(Excerpts from a dataset)
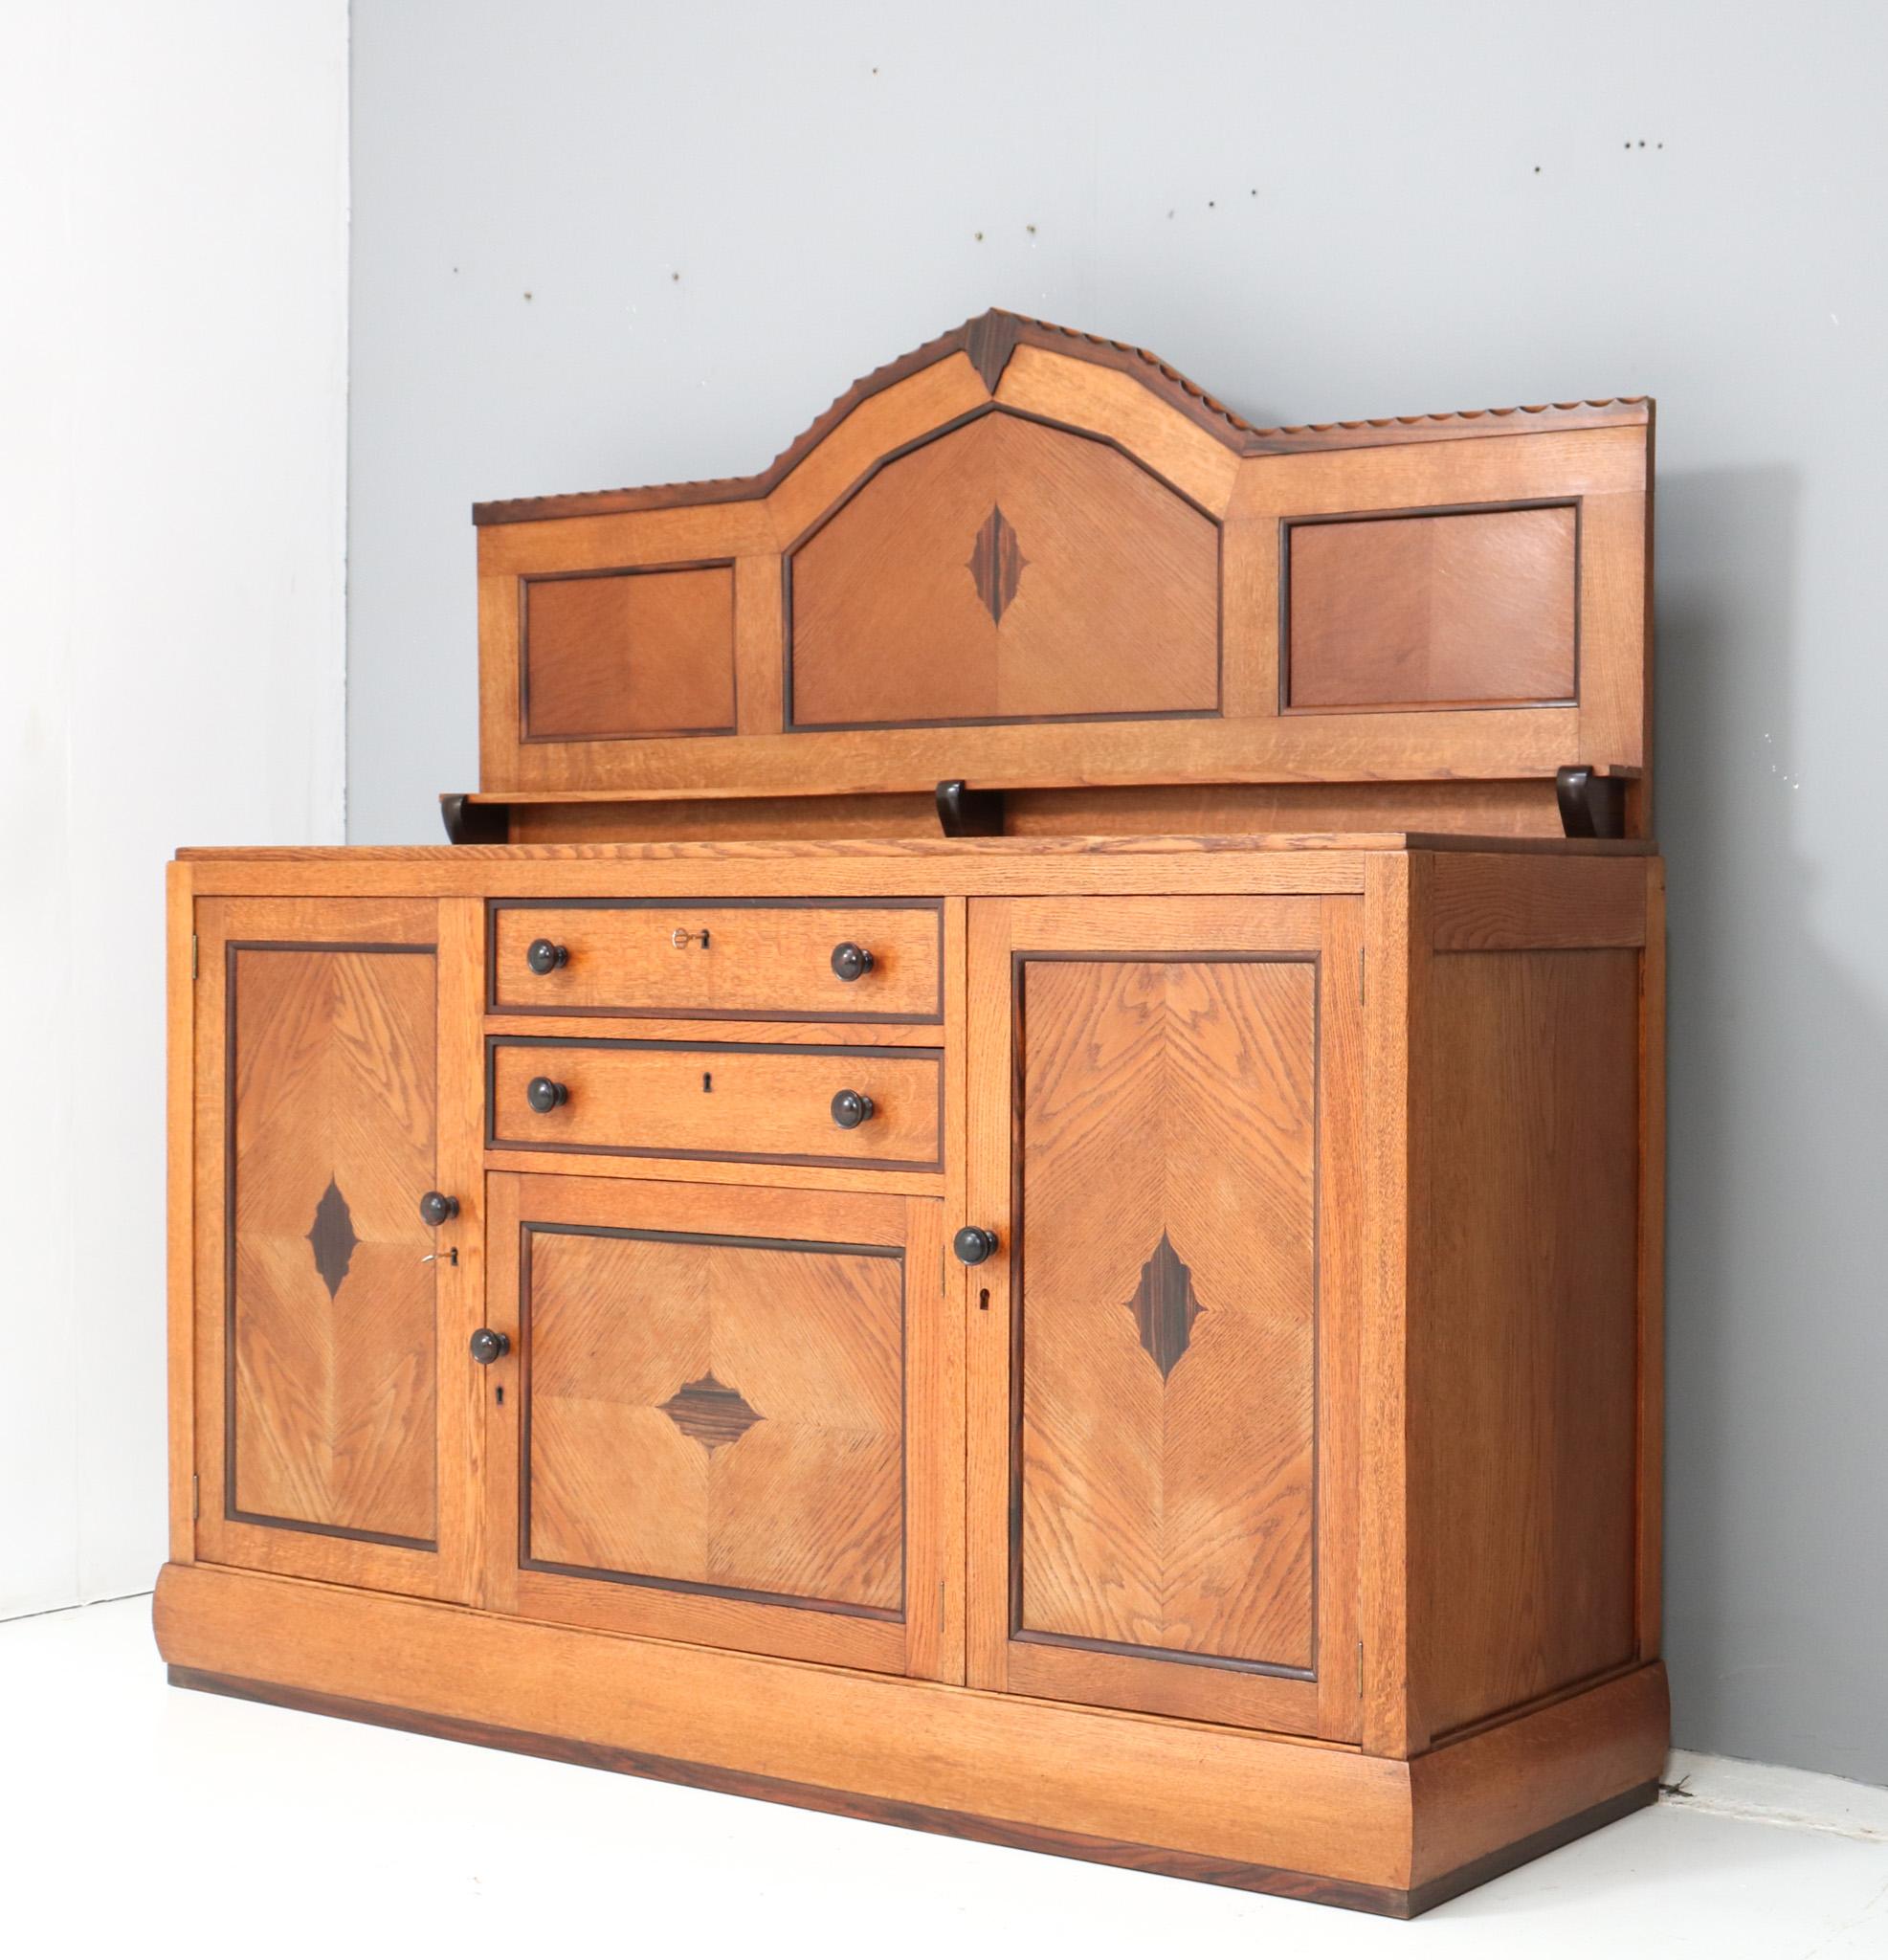 Stunning and rare Art Deco Amsterdamse School credenza or sideboard.
Design by Fa. Drilling Amsterdam.
Striking Dutch design from the 1920s.
Solid oak and macassar ebony base with solid macassar ebony knobs on doors and drawers.
The doors are

◆ ABOUT THIS TASK
Which lines in the records contain the word "doors"? Copy each one.

◆ RESULT OF THIS EXERCISE
Solid oak and macassar ebony base with solid macassar ebony knobs on doors and drawers.
The doors are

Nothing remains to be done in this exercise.